Jonouchi glared at him, not believing a word of it. He had only half-listened to his father's slurred protests, focusing instead on his hand, which was fingering a scrap of paper that Jonouchi could see protruding from his pocket.
"Give me that!" he said.
He grabbed for the paper. His father tried to cling to it, but Jonouchi was stronger and faster, not to mention steadier on his feet. He pried the older man's fingers off of the paper and snatched it away. His eyes scanned its contents, as his face twisted in disgust.
"'The undersigned hereby wagers the sum of two hundred thousand yen that the duelist known as Katsuya Jonouchi will not win a single round at the upcoming Duel Monsters tournament....' A bet?" he said incredulously. "You came here because of a bet?"
"Nothin' wrong with a little friendly wager," said his father.
"This isn't a little friendly wager! Dammit, we don't have this kind of money! We've never had this kind of money! You're out of your mind!"
"You don't understand, boy! It's just a calculated risk. Trust me, boy - once you win this tournament, all our troubles will be over. This is enough to pay off all our bills and have plenty left over."
"Is that all I am to you - a way to make money? Money for you gamble away again?" Jonouchi shook his head incredulously. "I swear, I'm going to kill you myself this time!"
He shot out a hand, maybe intending to hit him or choke him; even he wasn't sure entirely. He was surprised when his father's own hand came up to strike it away. Now it was the elder Jonouchi whose gaze was aflame with anger. His breath still reeked of cheap alcohol, but he was standing straight and steady now, and Jonouchi was shocked into taking a few steps back.
"Now, you listen here, boy," he snarled. "You're forgetting who's in charge of this family.
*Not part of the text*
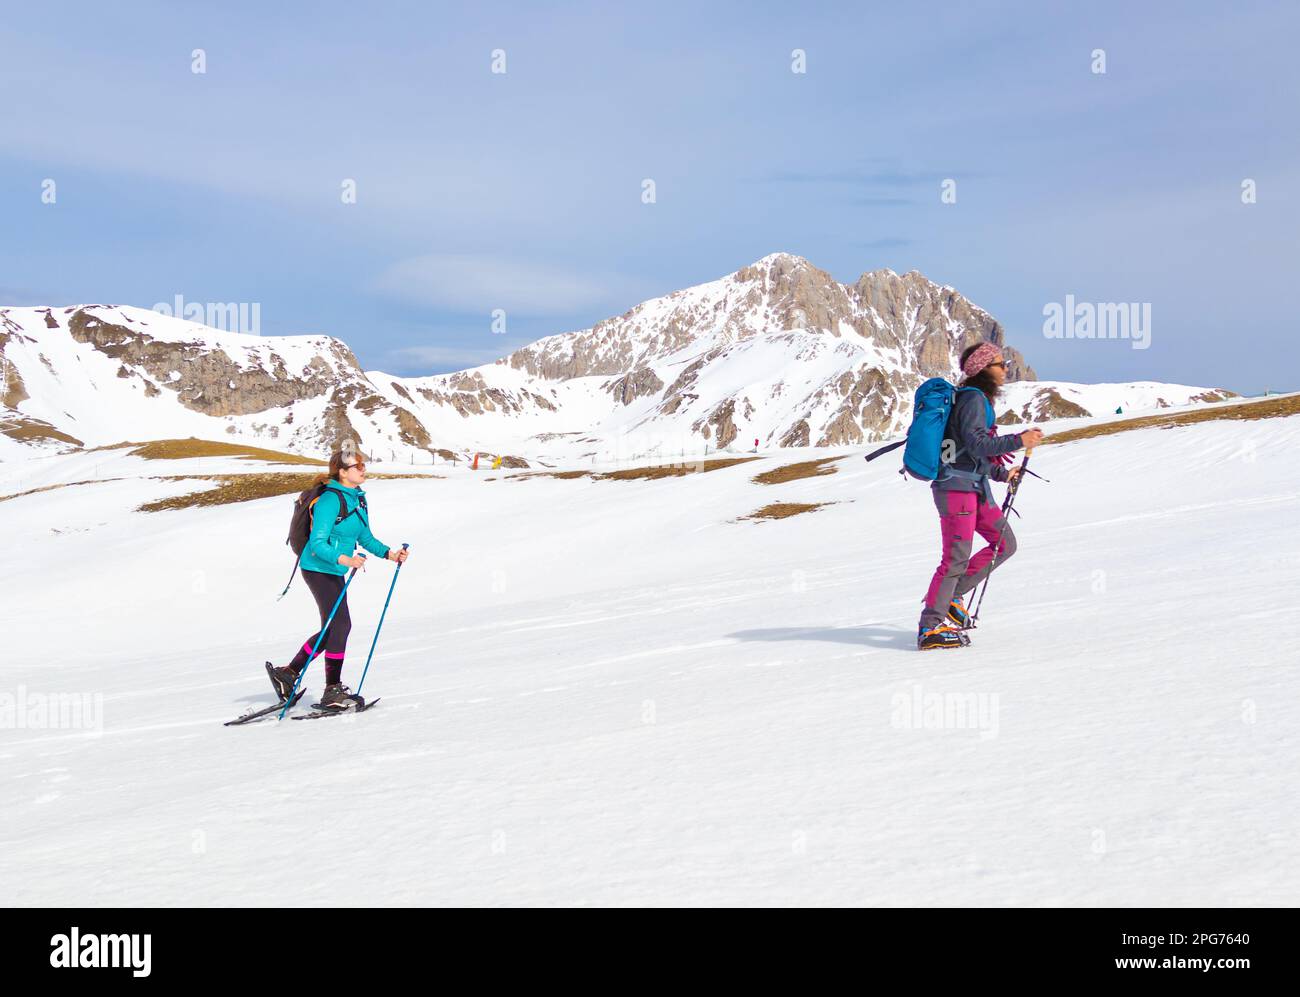 Gran Sasso (Italia) - il trekking sulla neve in Abruzzo, da campo Imperatore al Monte Scindarella, oltre 2200 metri, con la vetta del Corno Grande Foto Stock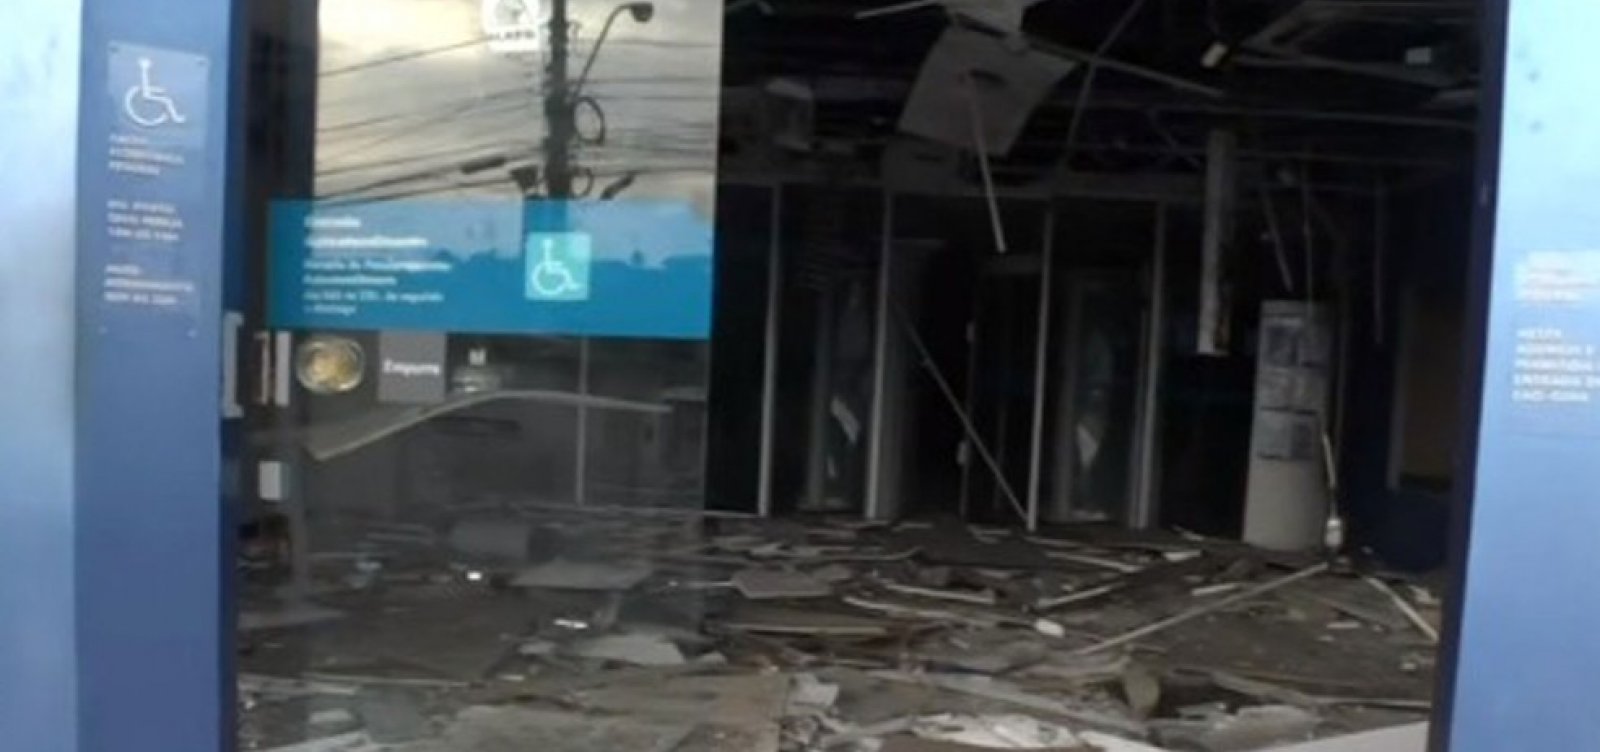 Mais uma agência bancária é explodida em Salvador; este é o terceiro ataque em 20 dias

This is your problem now, too. If Same comes after my blood, he'll go for yours, too, so you had better take this seriously! You are playing in this little game, and you're going to win! You fuck this up, boy, and maybe Same won't be the first one to take a piece out of your hide, got it?"
Jonouchi stared at him a moment, trembling, chest heaving as he tried to keep his breathing steady.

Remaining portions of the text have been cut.